## Description of the task
Take the entries below and reproduce exactly the portion that begins at the line containing "check out 5285f" and ends at the line containing "best telugu love", keeping both ends, dropping pictures, and adding nothing else.

## Extracted data
**********
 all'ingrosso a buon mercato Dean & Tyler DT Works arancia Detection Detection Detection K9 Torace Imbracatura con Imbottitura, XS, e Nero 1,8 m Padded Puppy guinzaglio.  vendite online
**********
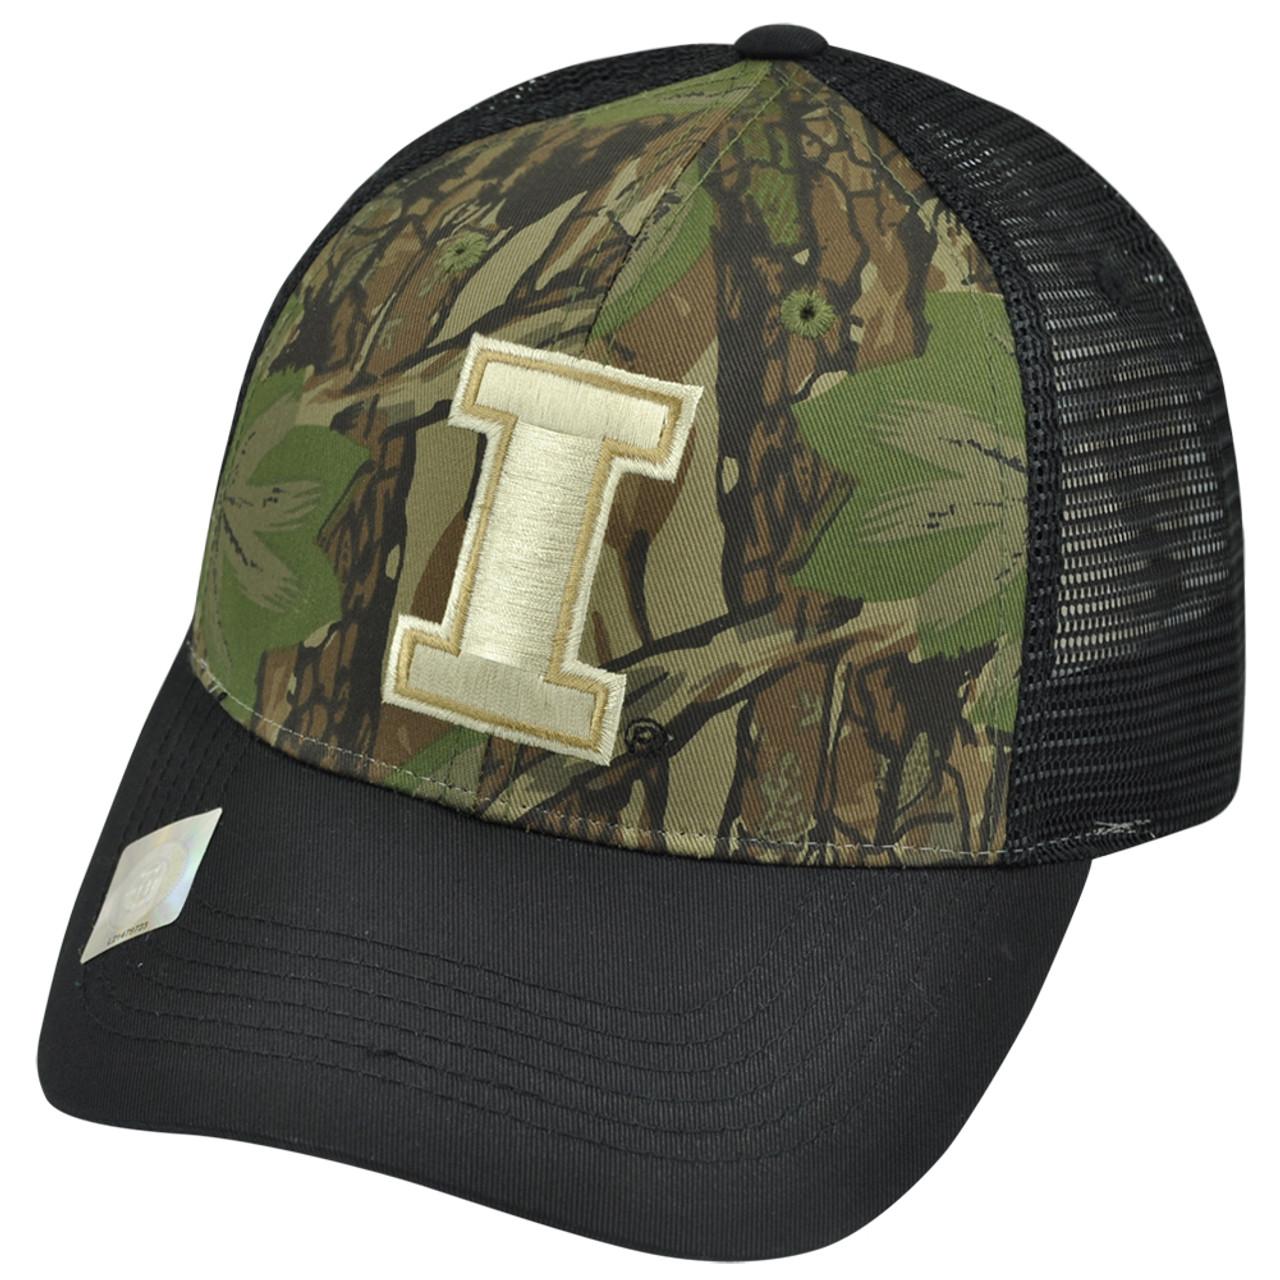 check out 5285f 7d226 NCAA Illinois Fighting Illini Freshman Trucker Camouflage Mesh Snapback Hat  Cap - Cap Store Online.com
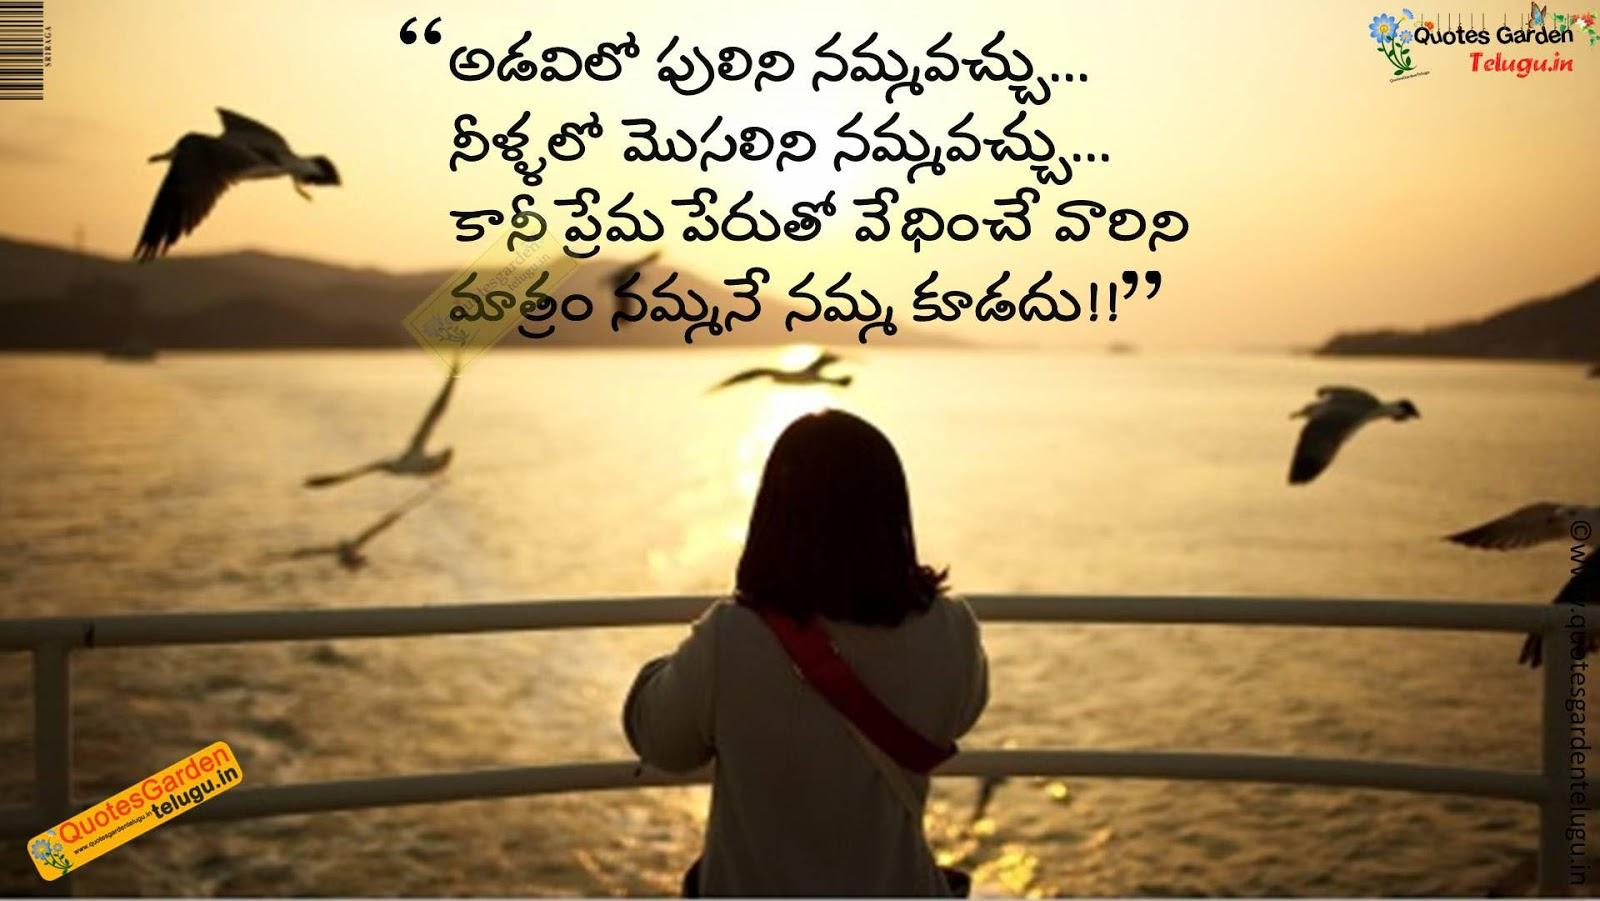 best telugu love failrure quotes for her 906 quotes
**********
## Reply
 check out 5285f 7d226 NCAA Illinois Fighting Illini Freshman Trucker Camouflage Mesh Snapback Hat  Cap - Cap Store Online.com
 best telugu love failrure quotes for her 906 quotes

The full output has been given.